00:42 🔗 SketchCow Posterous is getting geared up.
00:43 🔗 omf_ http://tracker.archiveteam.org/posterous/
00:44 🔗 nomoon @omf: Yup, I see that. Just don't want to get banned.
00:58 🔗 SketchCow I see that.
00:58 🔗 SketchCow (I'm running it, to get banned.)
01:19 🔗 godane i need no tracker for my uploads
01:19 🔗 godane of course g4tv.com is maybe the last time i do a very big project
01:20 🔗 godane it fills like backing up geocities (to me) all by yourself
01:20 🔗 godane *feels
01:30 🔗 ChrisAM hi
01:31 🔗 ChrisAM What do I need to know before working on the Posterous project in Warrior?
01:33 🔗 omf_ you are going to get banned
01:33 🔗 omf_ everyone has
01:33 🔗 omf_ we are trying to figure it out
01:34 🔗 ChrisAM I don't personally mind getting banned, but should I wait until it's solved to start?
01:36 🔗 S[h]O[r]T godane i know i mentioned before and never really pursuied but if you have scripts and lists that just need to be run for the HD videos on g4tv i can do that. ive got bw and storage
01:39 🔗 godane i have the list uploaded
01:39 🔗 godane https://archive.org/details/g4tv.com-video-url-list-1
01:40 🔗 godane just need sed -i 's|_flv.flv|_flvhd.flv' list
01:40 🔗 godane just know that i have seen some hd videos that i needed to edit the name more then that
01:41 🔗 godane one hd video (i think one of the g4films) i need to remove fix2 to download it
01:41 🔗 godane cause just change _flv to _flvhd was not enough
01:43 🔗 godane i also have all descs that i custom sed a xml warc to making the uploads have the right descs
01:46 🔗 godane just know you will have to start at about 26000 for hd stuff
01:47 🔗 godane you will not get it until 26419 (i think) and not ever video will have hd
01:48 🔗 godane recent video doesn't even have hd
01:49 🔗 godane this one: http://www.g4tv.com/videos/61896/metal-gear-rising-revengeance-launch-trailer/
01:50 🔗 godane some part of me thinks i should have check for flvhd file first then if it doesn't exist go for flv
02:46 🔗 db48x nomoon: everyone always gets banned
02:47 🔗 db48x you'll have to get a new ip address every hour
03:49 🔗 godane so my mouse couldn't left click
03:50 🔗 godane luckly i have a old mouse that i can use
04:25 🔗 underscor ok
04:25 🔗 underscor woah
04:25 🔗 underscor hi guys
04:25 🔗 underscor long time no see
04:25 🔗 underscor What've I missed?
04:27 🔗 underscor also, holy shit is it good to be back
04:27 🔗 godane hey underscor
04:27 🔗 godane i'm just trying to save g4tv.com
04:29 🔗 DFJustin underscor: everything is shutting down
04:29 🔗 underscor Yeah, posterous, gamespot (iirc?)

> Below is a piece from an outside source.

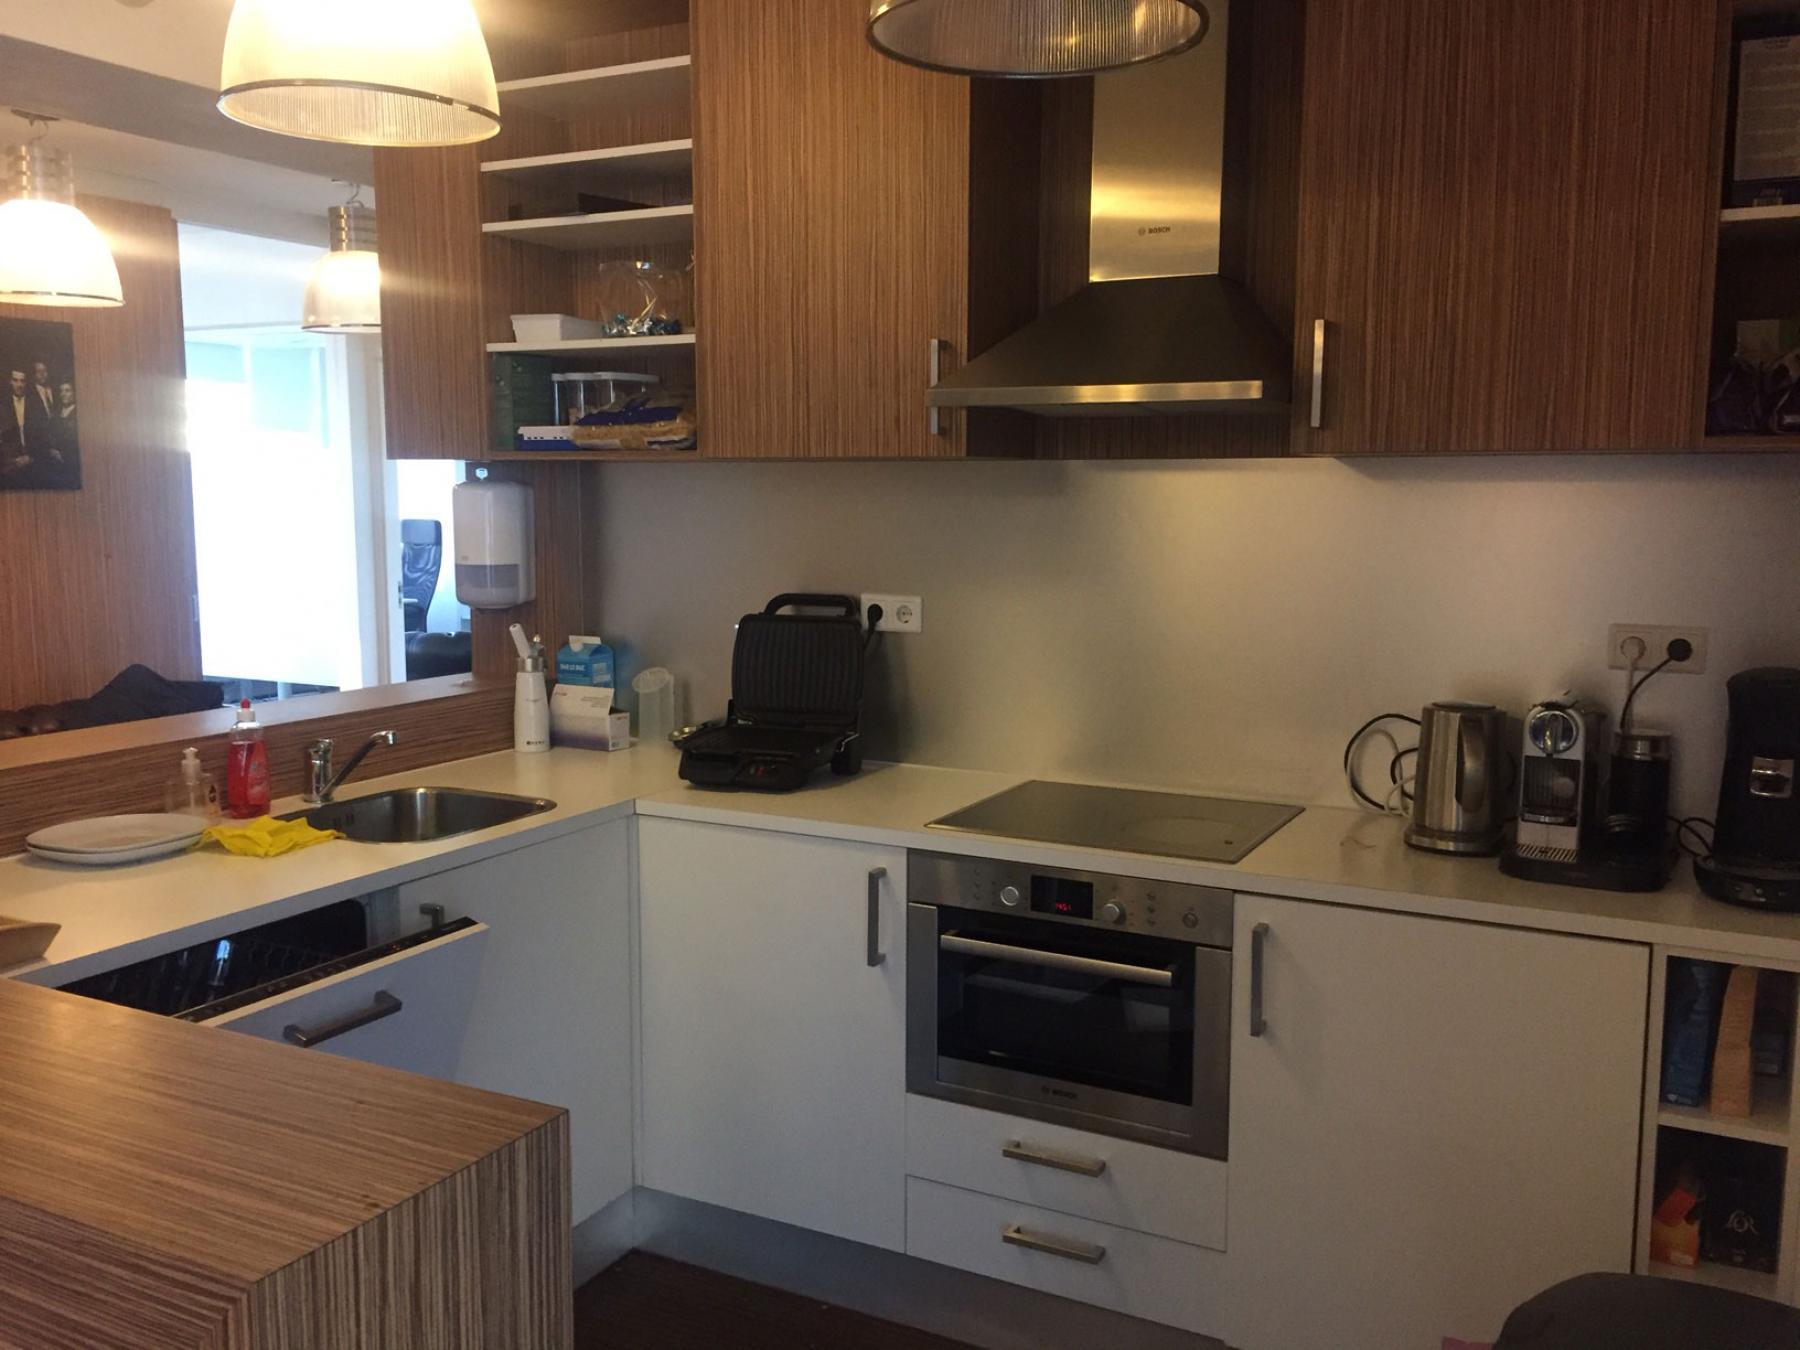 keuken met apparatuur Rotterdam Walenburgerweg

04:29 🔗 underscor anything else?
04:30 🔗 DFJustin not gamespot, ign/gamespy/1up
04:30 🔗 DFJustin which is a shitload of sites
04:32 🔗 DFJustin opensolaris
04:32 🔗 DFJustin punchfork
04:34 🔗 underscor damn
04:34 🔗 underscor Couldn't they spread themselves out? Jeez...
05:10 🔗 ewook *yawn*
05:10 🔗 ewook So, about posterous... dynamic ip is the way to go I guess then :)
05:14 🔗 SketchCow For the moment, yes.
05:46 🔗 ewook is it performed automagically, or are they hunting manually?
05:47 🔗 ewook might be fun to do this over thor, if one can verify that a new endpoint would be chosen each time you reconnect.
06:01 🔗 db48x ewook: both
06:02 🔗 db48x ewook: we surmise that there is a cron job that runs 10 minutes before the hour which automatically bans based on some log info or other
06:03 🔗 db48x but it looks like there is occasionally human intervention as well, because some of the bans happen at other times, and the duration is variable
06:21 🔗 ewook db48x: geebus. Why in the world would one do that - bandwidth-capping sure, but simply toss the connection away? Does it look like one ban/one ip, or have you seen subnets being blocked in the manual part as well? (perhaps to early to tell?).
06:23 🔗 ewook one solution could be to ssh-tunnel and use cron to circulate between "ip's" and that might go under the radar, if I jump often enough.
06:26 🔗 ewook does the warrior still go full user get, and then move on, or does perhaps alternating between user-data work better?
06:27 🔗 SketchCow Maybe misidentify user agent to not be wget?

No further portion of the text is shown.